All Is Well With Saikat Majumdar

It doesn’t escape me even for one moment that ‘queer’ is ‘content’ for many. It sells and therefore exists. Writing anything and get away with it – especially when it’s published in the West, they anyway don’t know much and fact-checking is something the world is grappling with – as long as it’s ‘queer stuff’.

After reading Saikat Majumdar’s article “Post-377: LGBTQ Literary Culture in India” in the Los Angeles Review of Books (LARB) this belief solidified. In LARB I found one of the many traders of queerness who are interested in publishing ‘queer content,’ and not concerned about getting it right. And in Saikat’s article, a sloppy work.

Like many bad pieces floating on the Internet why I picked this one? It’s a legitimate question, and a concerning one. The answer is: Saikat is a professor. He’s from the arts. He’s the one who asks in this article “But is what is good for politics always good for art?” However, sadly this work misses out on doing justice to either.
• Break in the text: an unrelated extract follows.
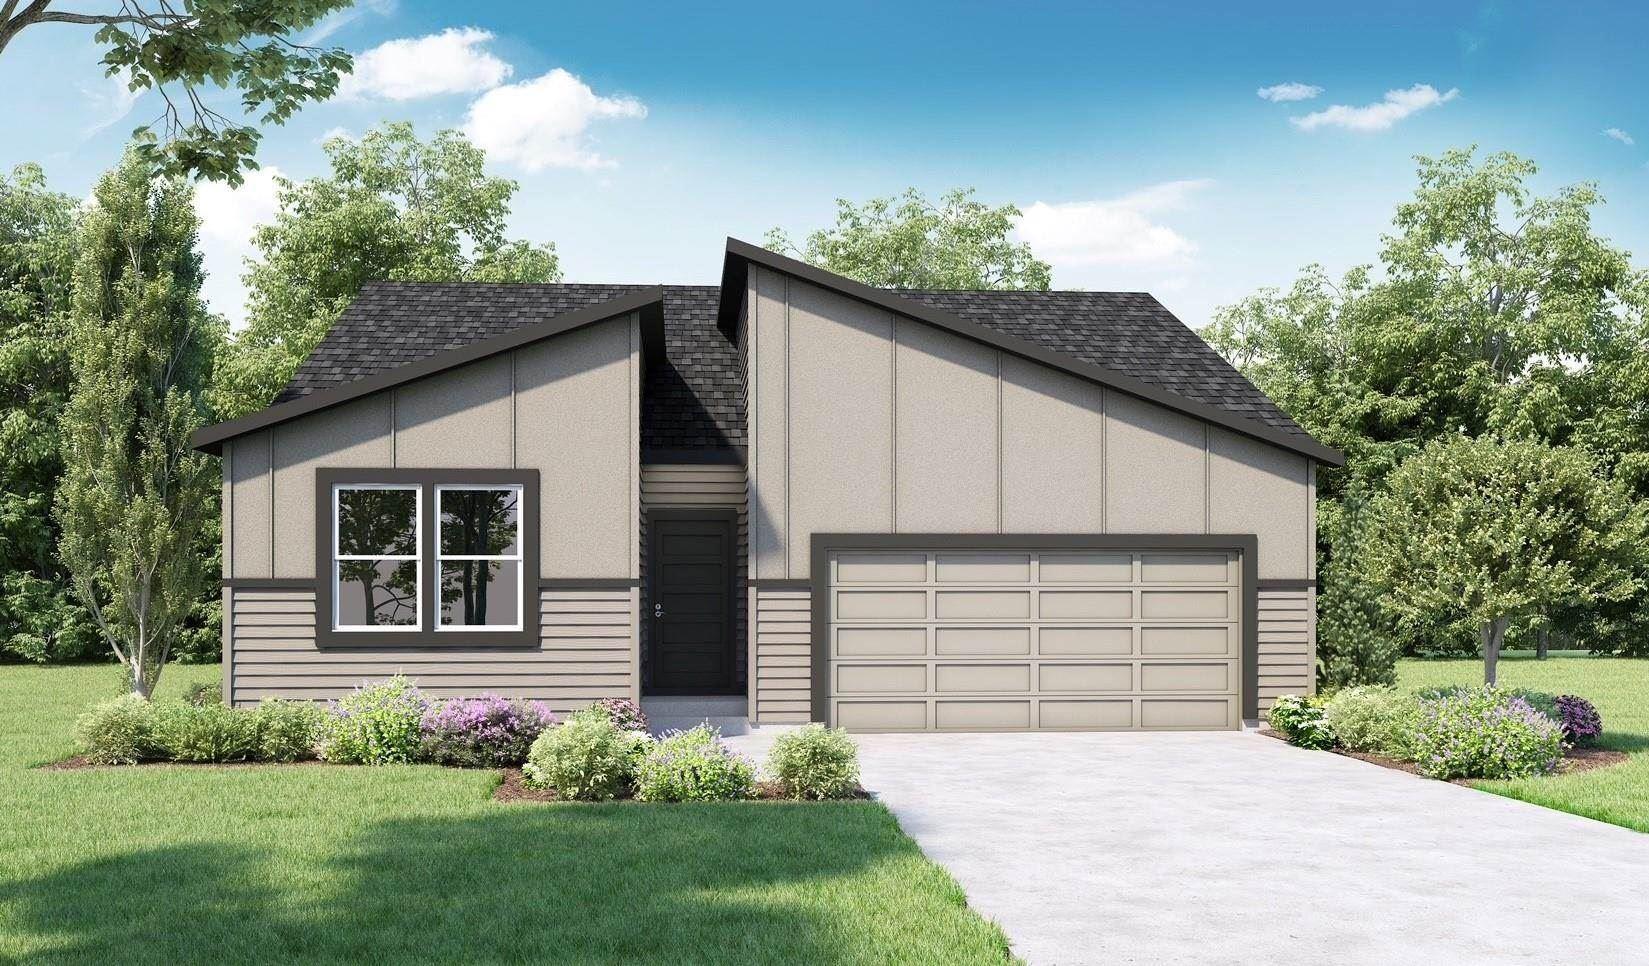 3226 N Stanley St, Spokane, WA 99217 - #: 202118649

The Unpolitical Art of Saikat

The politics behind a work of art legitimates its credibility as a work of latter. It’s the other way round, too. Art and politics are inseparable. And, in Saikat’s statement, what’s interesting is the vagueness of “good”. He must define what good is like. Also, good for whom? As Toni Morrison would’ve asked: Invisible to whom?

And even the clever words of Saikat couldn’t help and hide the PR activity for a select few that he did in this article hiding behind the garb of reflecting on the queer literary culture in post-377 India.

The article begins by celebrating the reading down of Section 377 of the Indian Penal Code (IPC), but for an article written post-COVID-19 it seemed extremely limiting and self-serving when the professor didn’t deem it fit to include the oppression of the trans folx by the State since September 2018. The passing of the horrendous Trans Bill on August 5, 2019 didn’t find a single mention. Of course, trans voices don’t matter neither to the “literary culture” which Saikat sketched in the article nor to most publishers.

Not to say that he seemed least concerned about the conditions in which most of the queer population, especially trans folx, are surviving during the pandemic.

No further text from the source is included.